O zaman Pilatus İsa’yı tutup kamçılattı. Askerler de dikenlerden bir taç örüp O’nun başına geçirdiler. Sonra O’na mor bir kaftan giydirdiler. Önüne geliyor, “Selam, ey Yahudiler’in Kralı!” diyor, yüzüne tokat atıyorlardı.
Pilatus yine dışarı çıktı. Yahudiler’e, “İşte, O’nu dışarıya, size getiriyorum. O’nda hiçbir suç bulmadığımı bilesiniz” dedi.
Böylece İsa, başındaki dikenli taç ve üzerindeki mor kaftanla dışarı çıktı. Pilatus onlara, “İşte o adam!” dedi.
Başkâhinler ve görevliler İsa’yı görünce, “Çarmıha ger, çarmıha ger!” diye bağrıştılar.
Pilatus, “O’nu siz alıp çarmıha gerin!” dedi. “Ben O’nda bir suç bulamıyorum!”
Yahudiler şu karşılığı verdiler: “Bizim bir yasamız var, bu yasaya göre O’nun ölmesi gerekir. Çünkü kendisinin Tanrı Oğlu olduğunu ileri sürüyor.”
Pilatus bu sözü işitince daha çok korktu. Yine vali konağına girip İsa’ya, “Sen nereden geliyorsun?” diye sordu.
İsa ona yanıt vermedi.
Pilatus, “Benimle konuşmayacak mısın?” dedi. “Seni salıvermeye de, çarmıha germeye de yetkim olduğunu bilmiyor musun?”

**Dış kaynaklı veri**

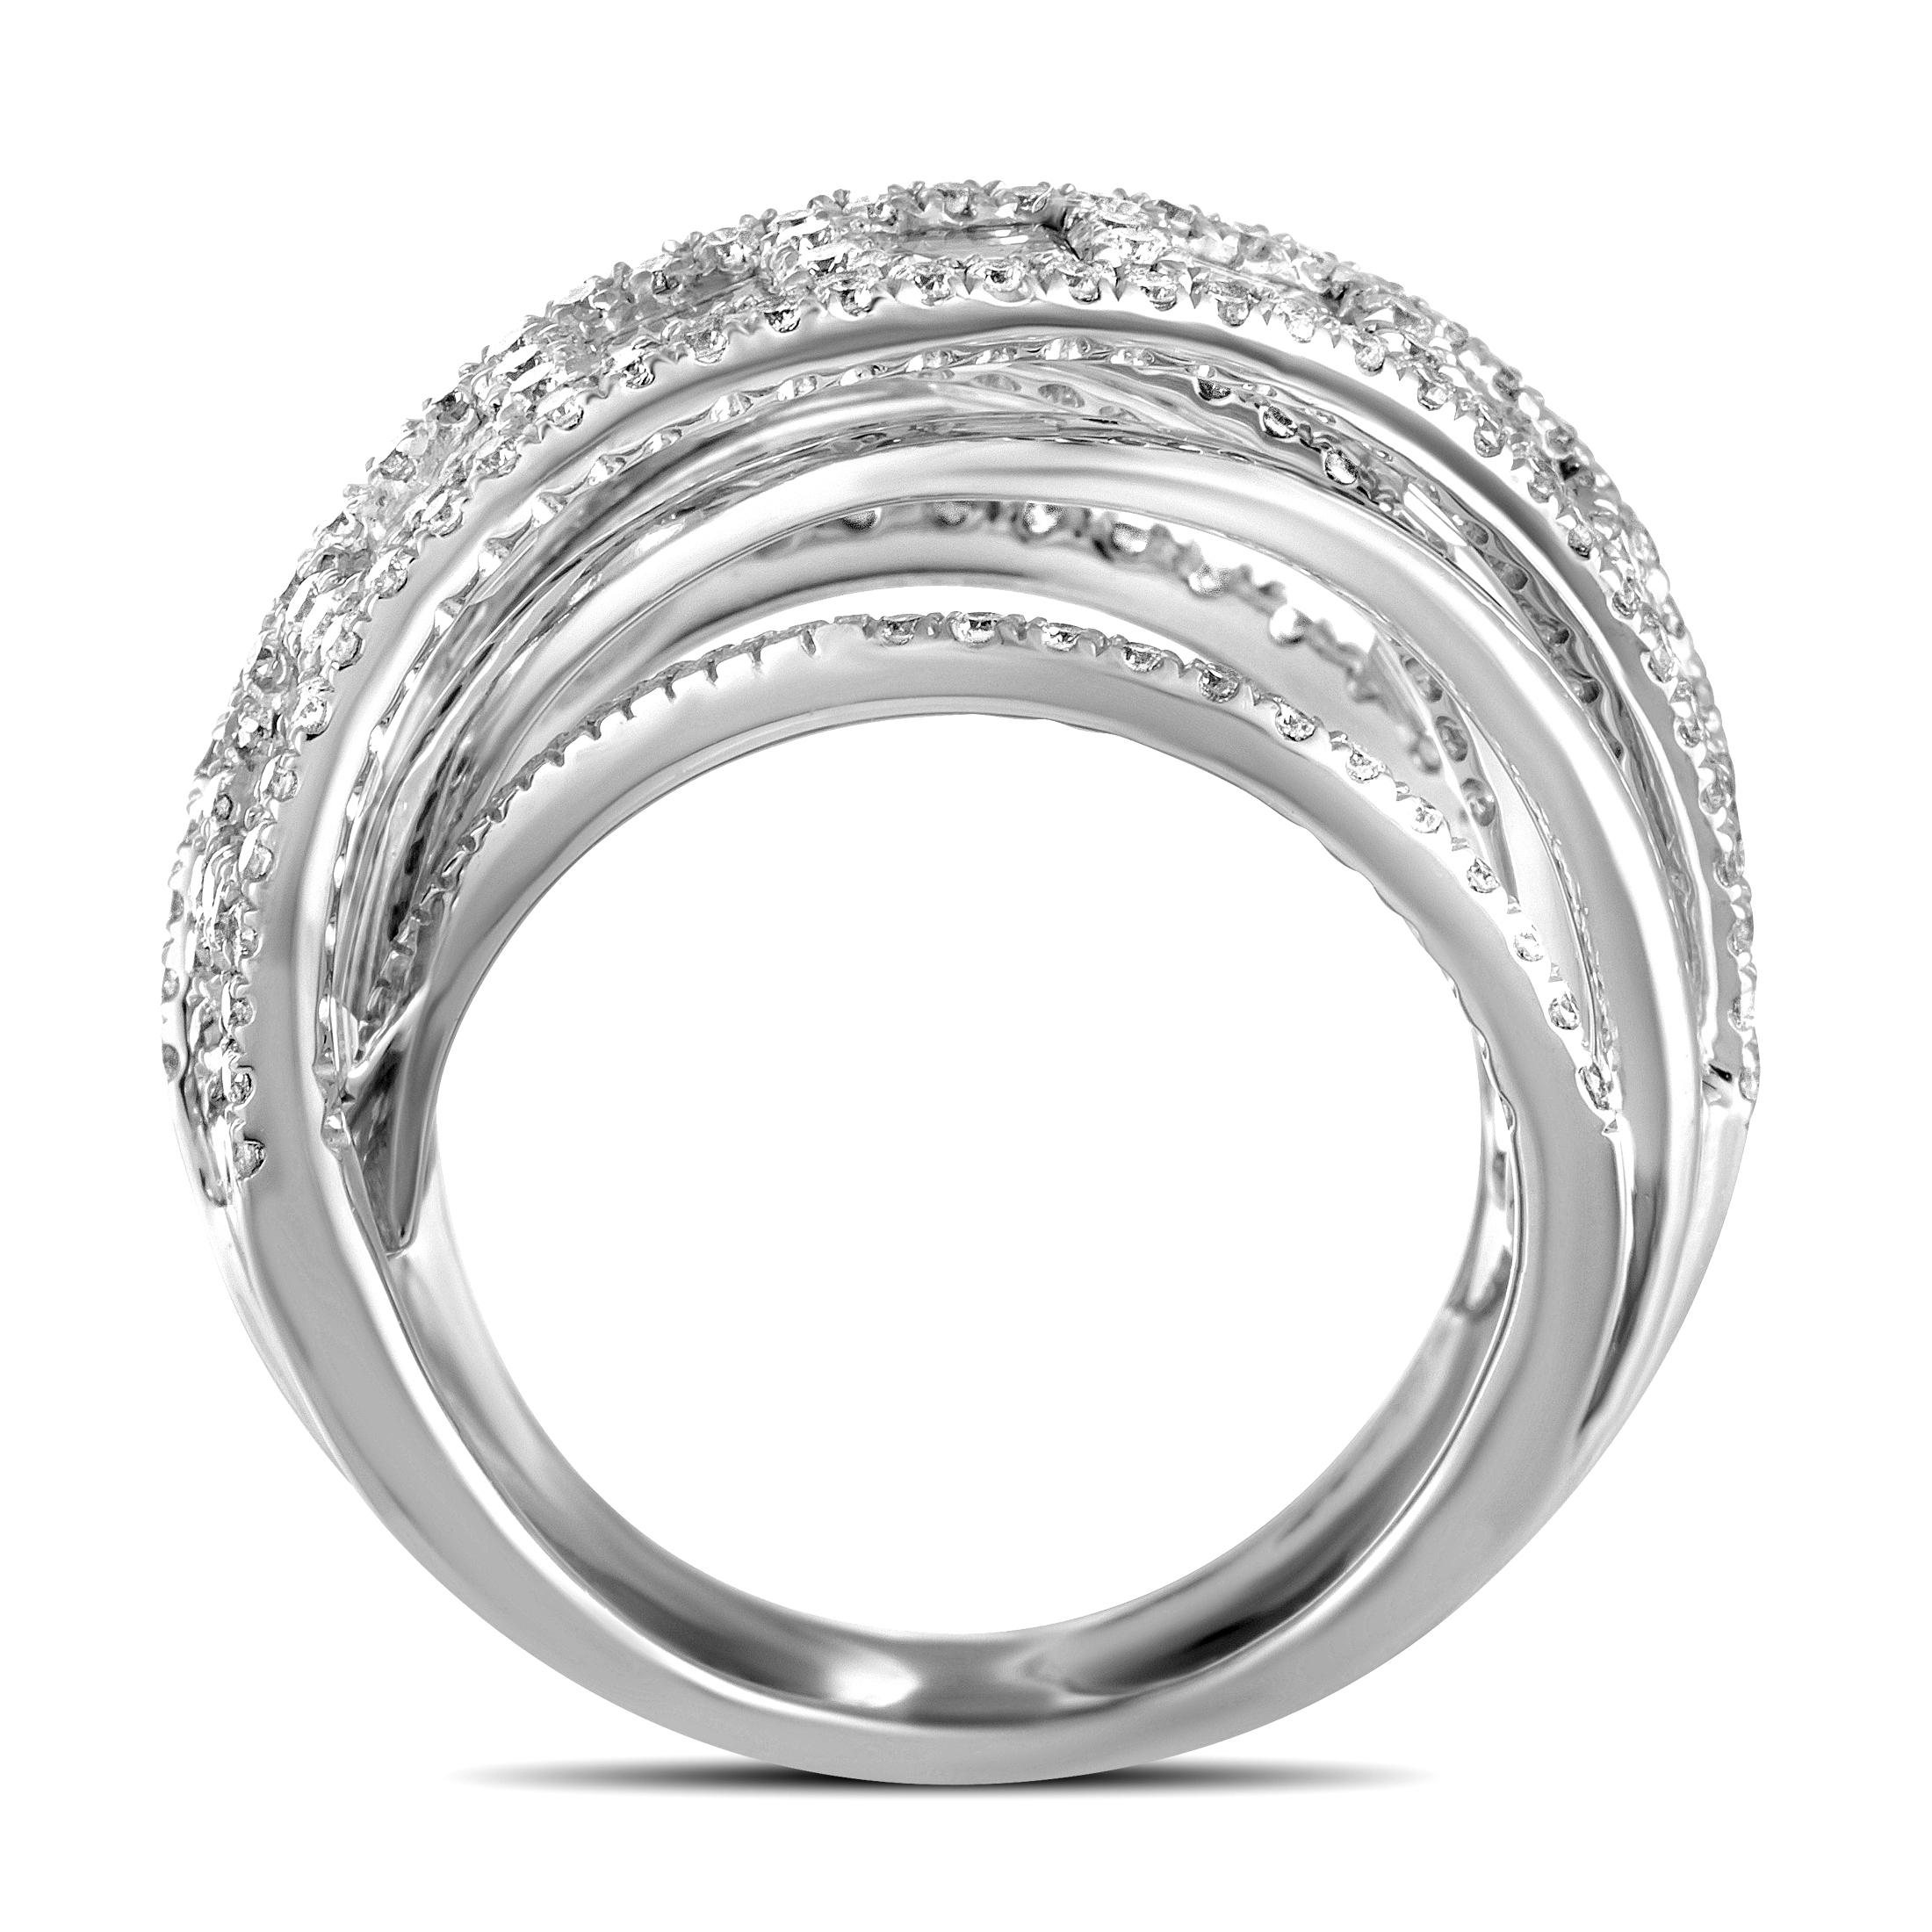 This LB Exclusive ring is crafted from 18K white gold and weighs 12.5 grams, boasting a total of 3.30 carats of diamonds (1.14 carats of round ones and 2.16 carats of baguette ones). Band thickness and ring top height measure 8 and 8 mm

İsa, “Sana gökten verilmeseydi, benim üzerimde hiçbir yetkin olmazdı” diye karşılık verdi. “Bu nedenle beni sana teslim edenin günahı daha büyüktür.”
Bunun üzerine Pilatus İsa’yı salıvermek istedi. Ama Yahudiler, “Bu adamı salıverirsen, Sezar’ın dostu değilsin!” diye bağrıştılar. “Kral olduğunu ileri süren herkes Sezar’a karşı gelmiş olur.”
Pilatus bu sözleri işitince İsa’yı dışarı çıkardı. Taş Döşeme –İbranice’de Gabbata– denilen yerde yargı kürsüsüne oturdu. Fısıh Bayramı’na Hazırlık Günü’ydü. Saat on iki sularıydı. Pilatus Yahudiler’e, “İşte, sizin Kralınız!” dedi.
Onlar, “Yok et O’nu! Yok et, çarmıha ger!” diye bağrıştılar.
Pilatus, “Kralınızı mı çarmıha gereyim?” diye sordu.
Başkâhinler, “Sezar’dan başka kralımız yok!” karşılığını verdiler. Bunun üzerine Pilatus İsa’yı, çarmıha gerilmek üzere onlara teslim etti.